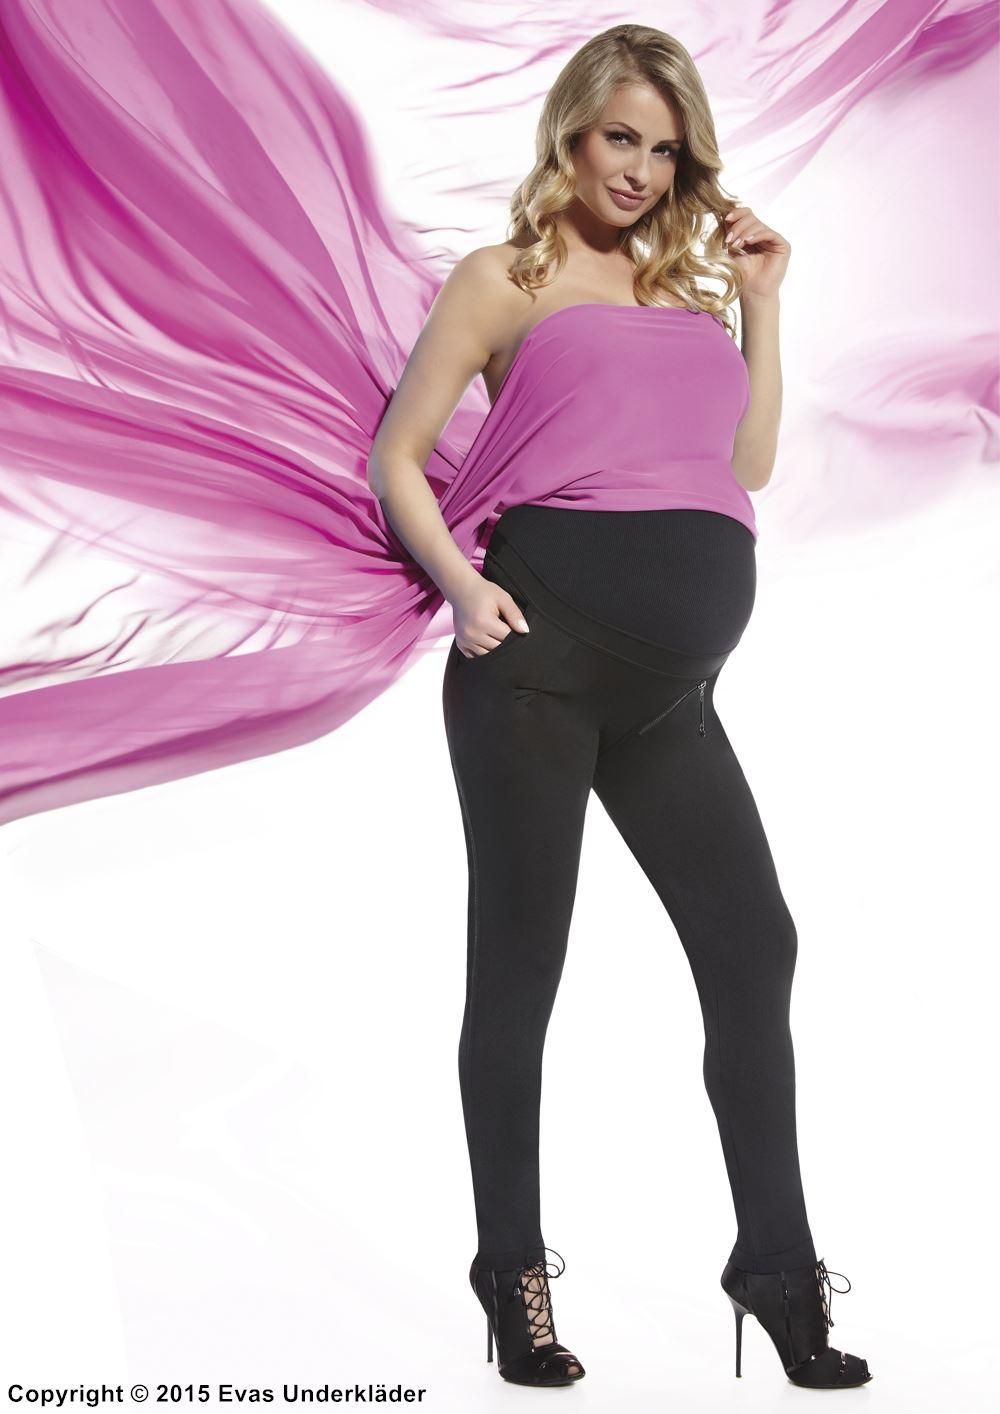 sexställning gravid sexiga leggings
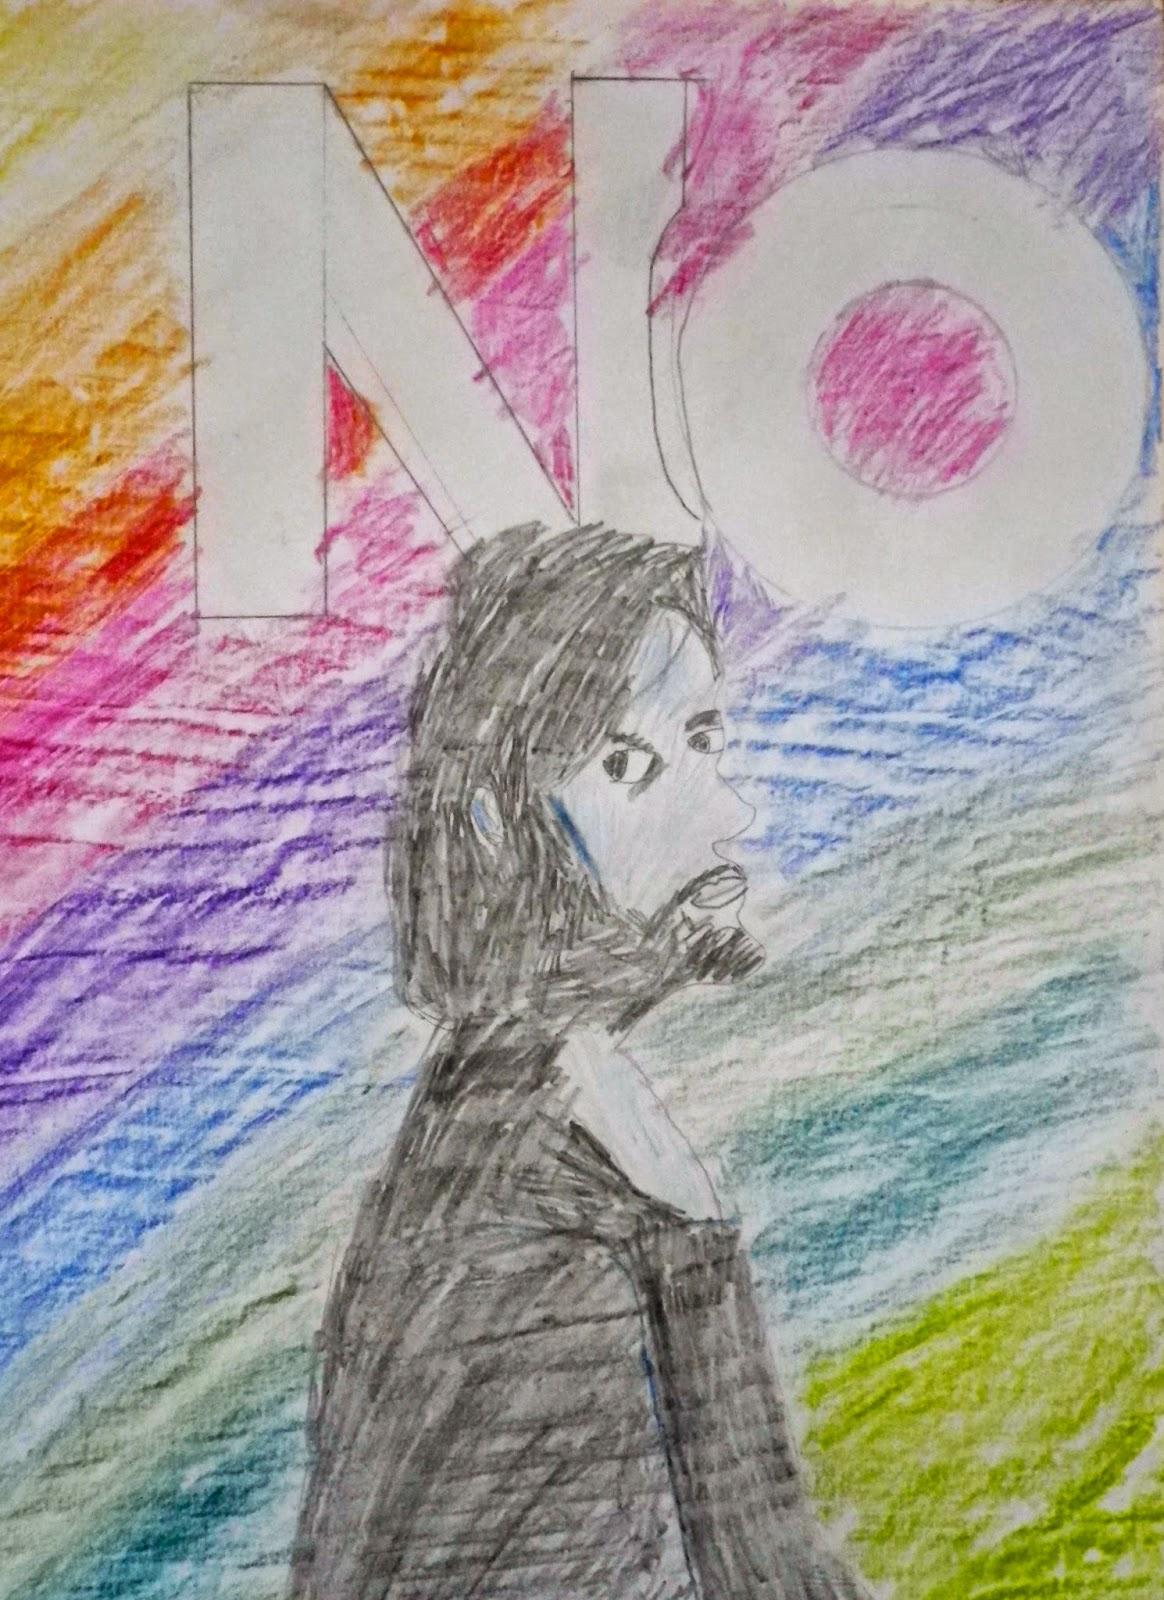 『NO ノー』まぁやぁ映画レヴュー
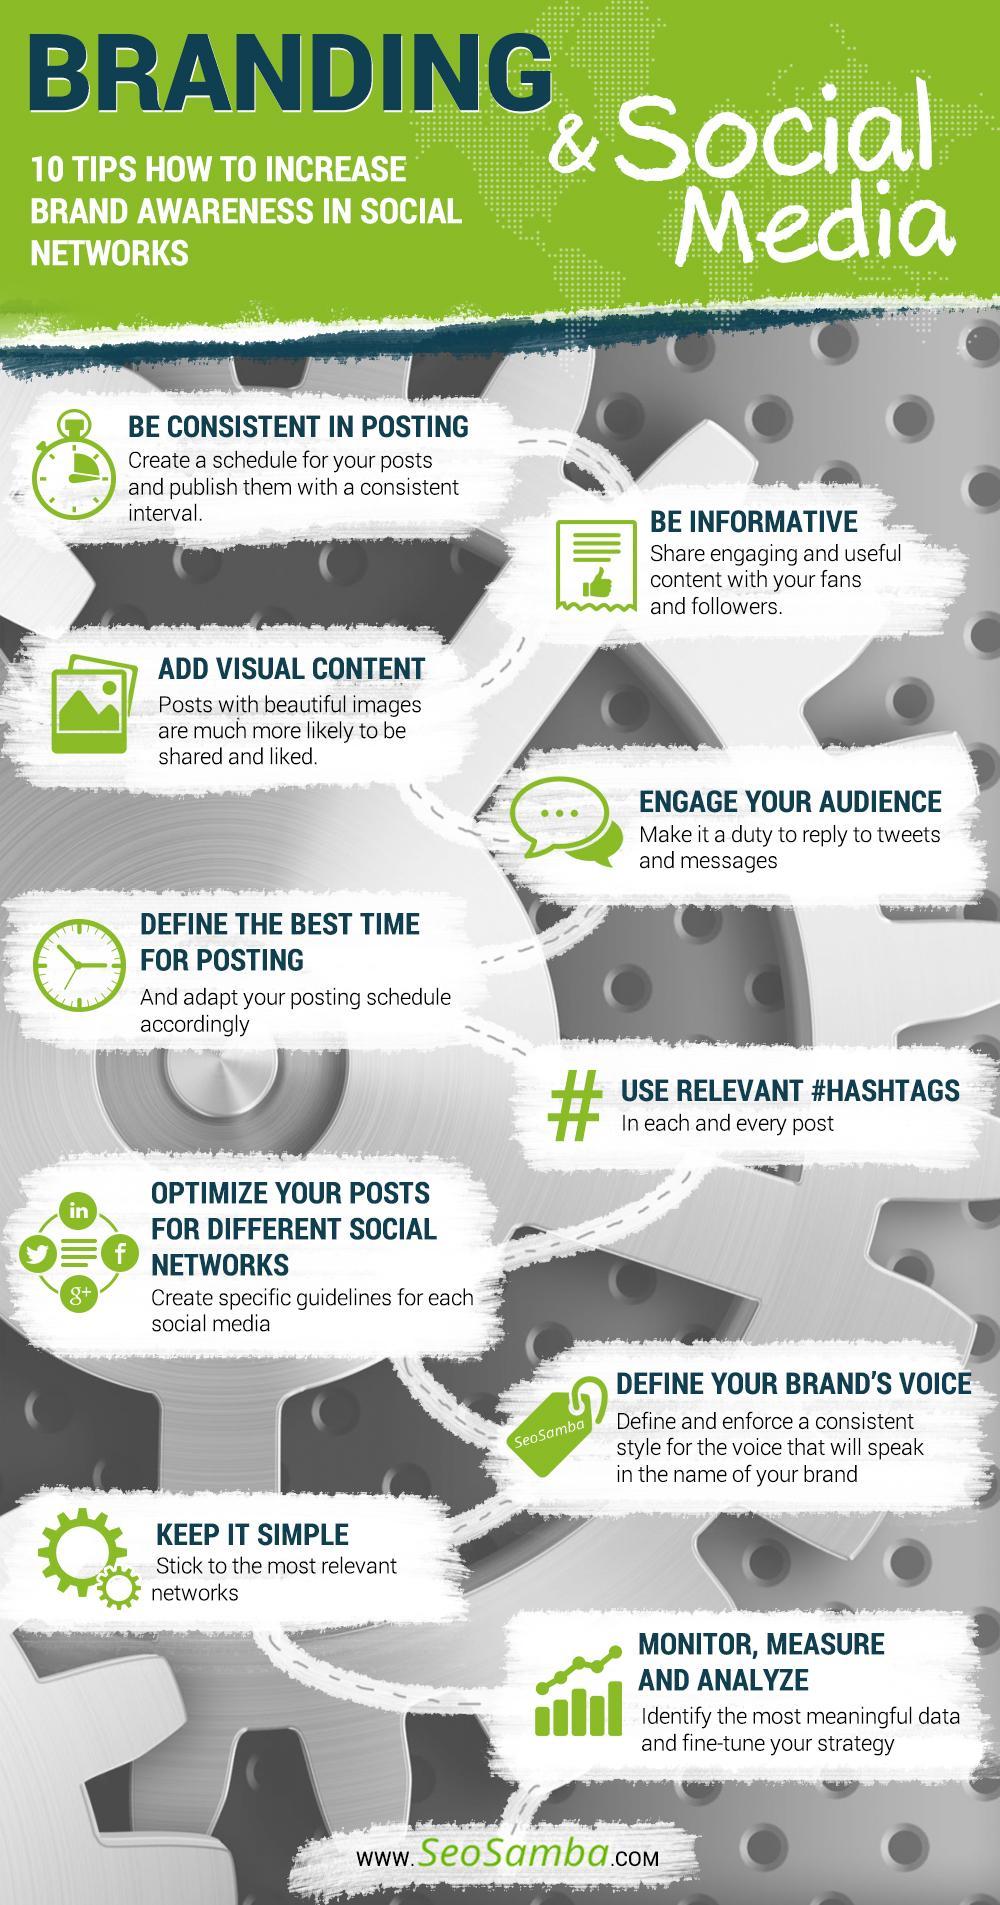 social_media_marketingforbrandsseosamba
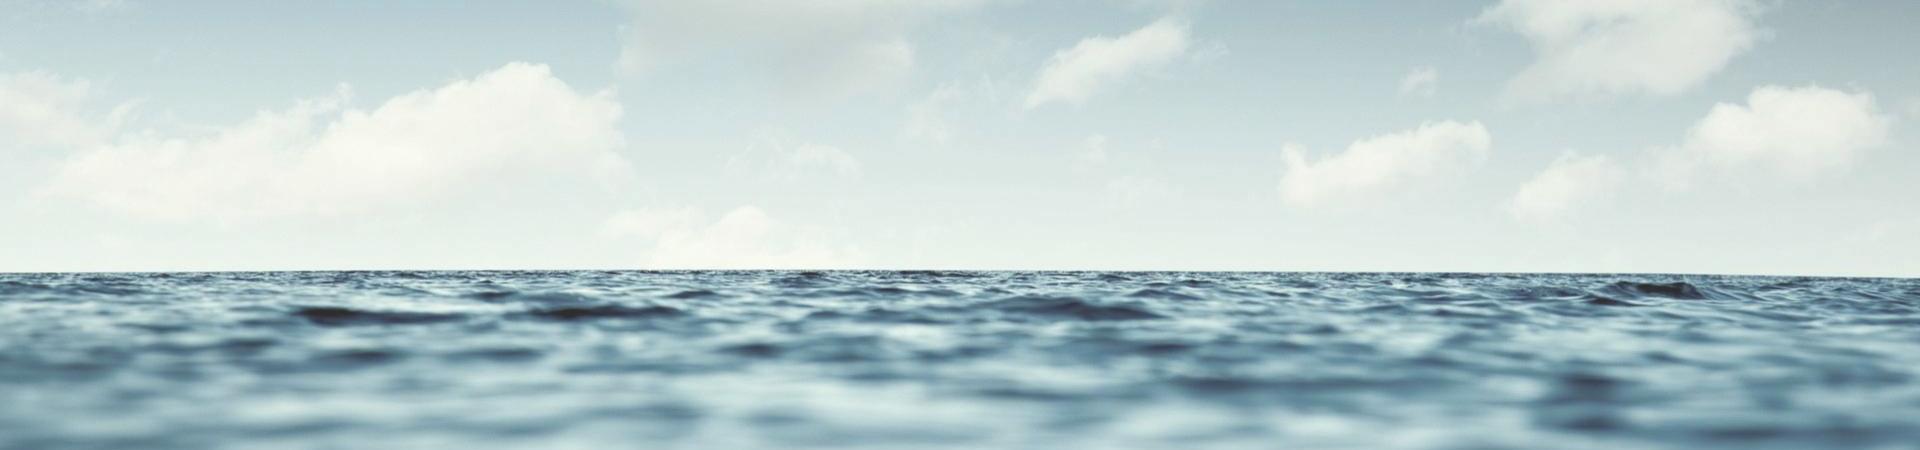 blue-ocean-sky-1920x450.jpg
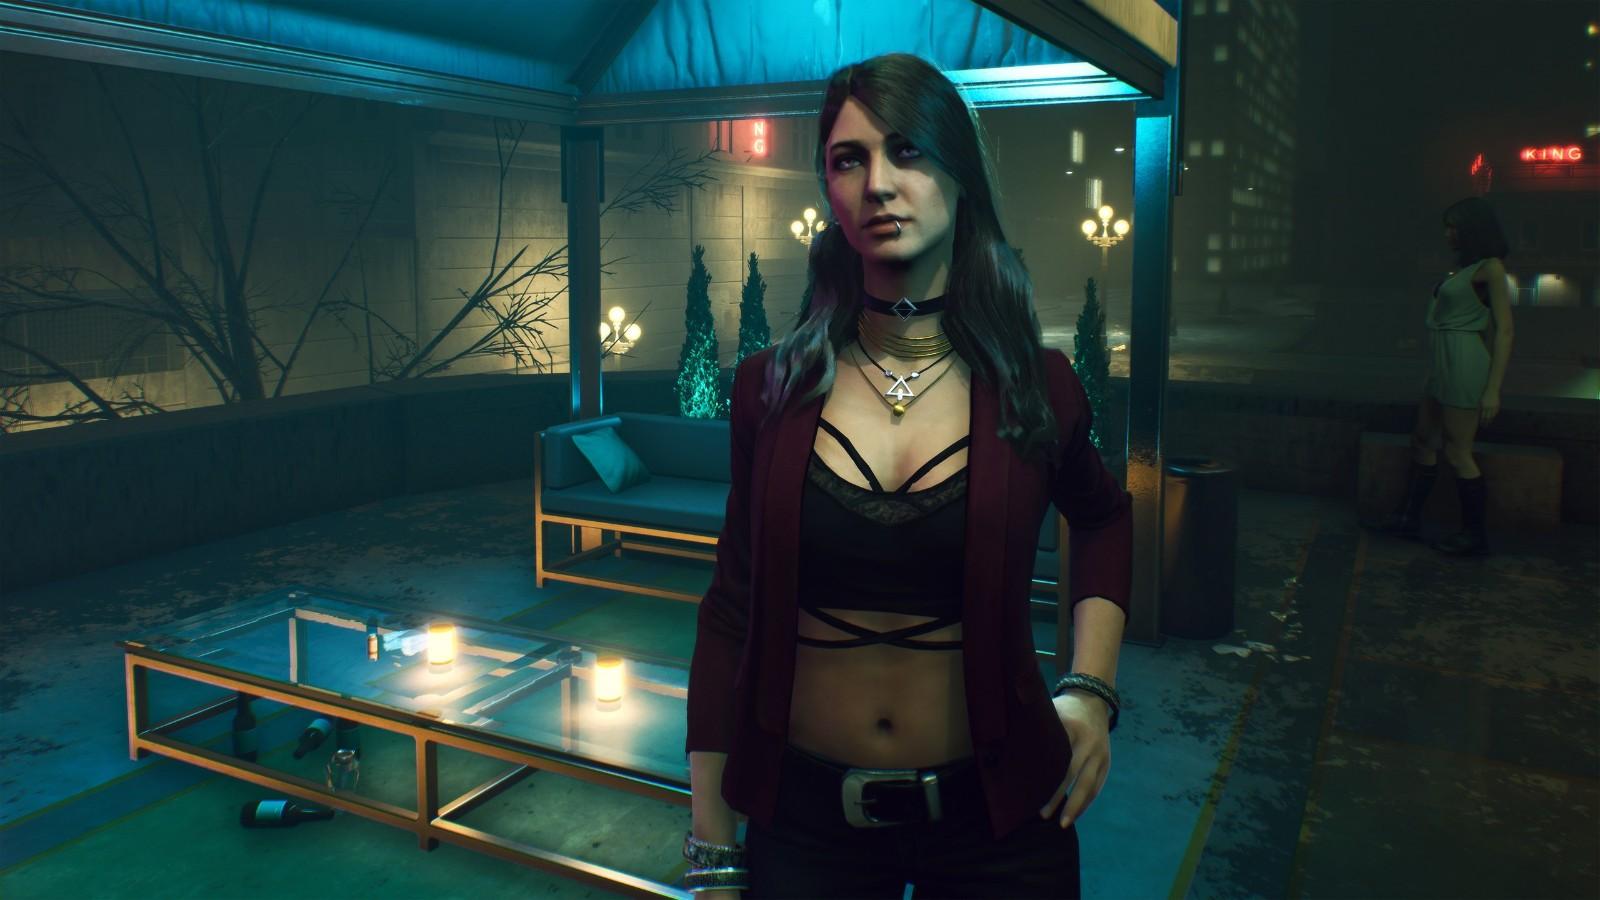 《吸血鬼:避世血族2》解雇叙事设计师、创意总监 (3)
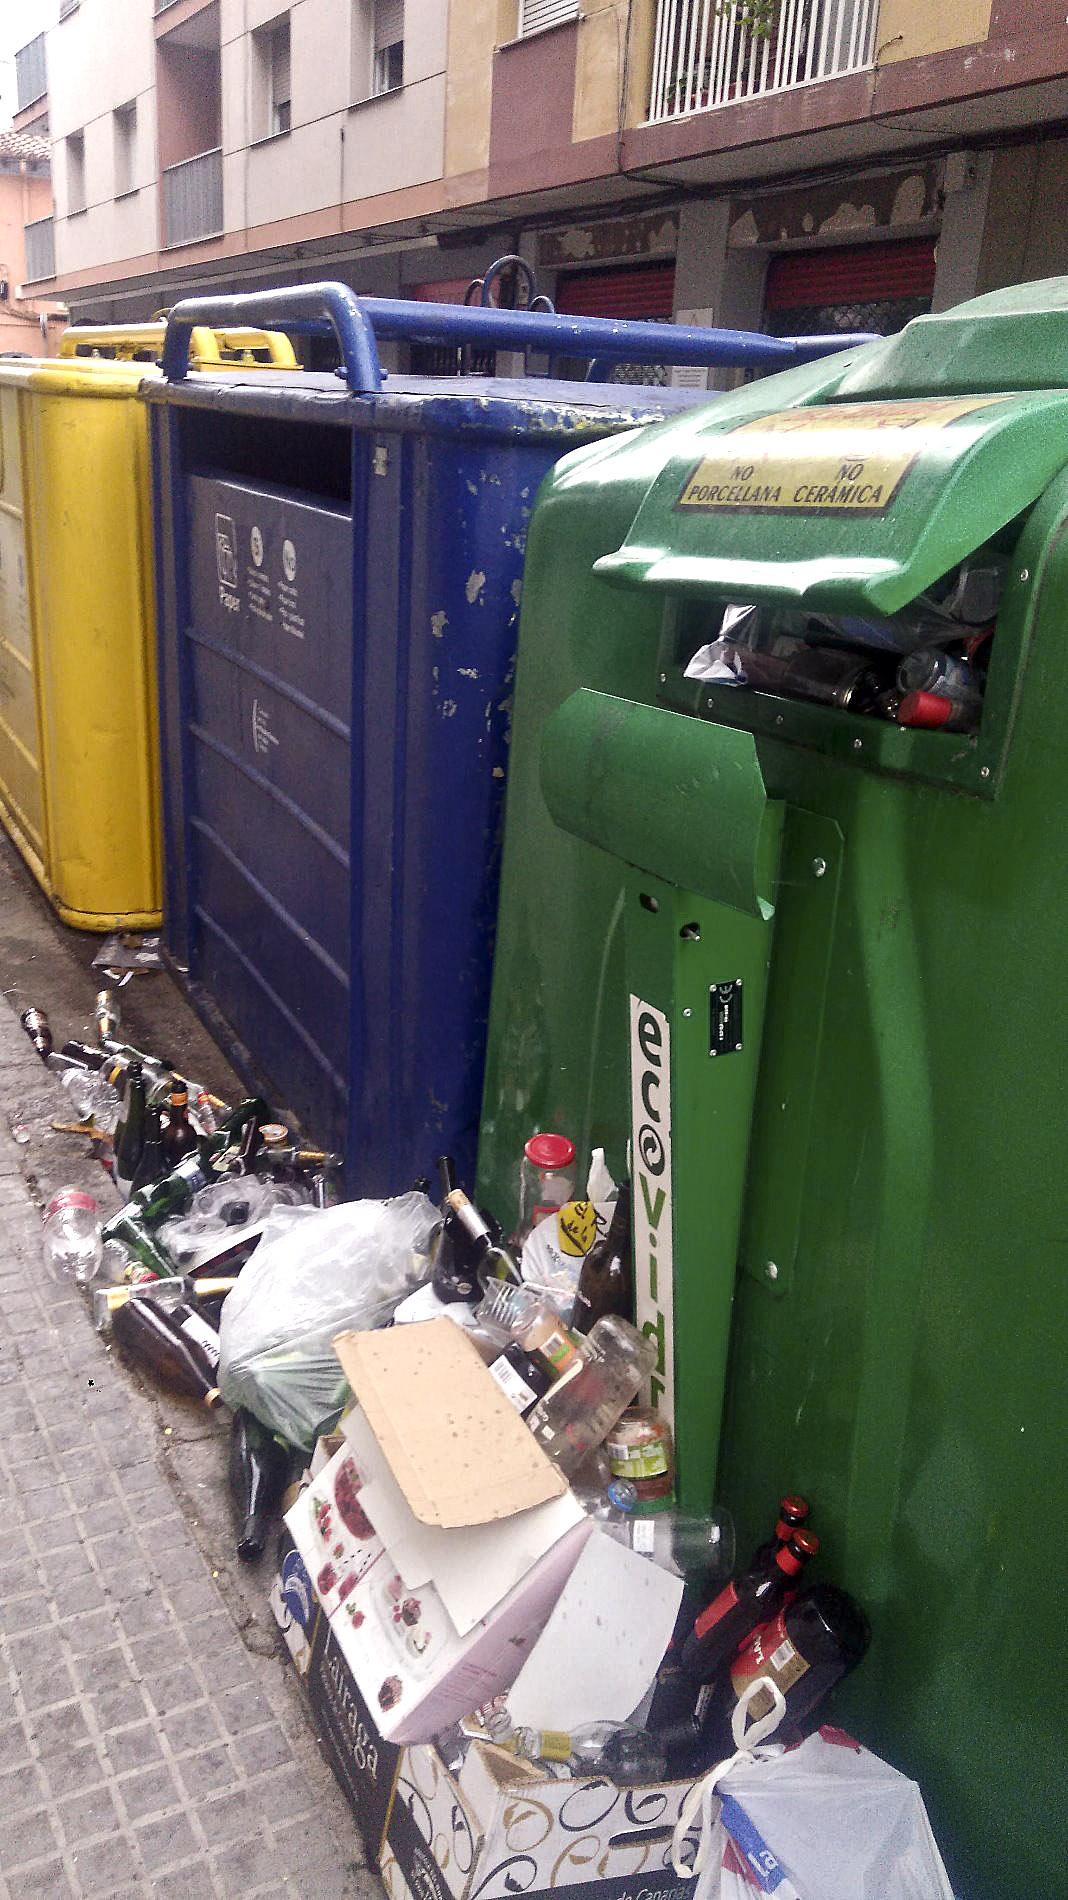 Brossa fora de contenidors a Mollet
---
Pictures are to be left out when the lines from the one containing "blue-ocean-sky-1920x450.jpg" through the end of the records above are repeated exactly; no other line is wanted.

 blue-ocean-sky-1920x450.jpg
 《吸血鬼:避世血族2》解雇叙事设计师、创意总监 (3)
 Brossa fora de contenidors a Mollet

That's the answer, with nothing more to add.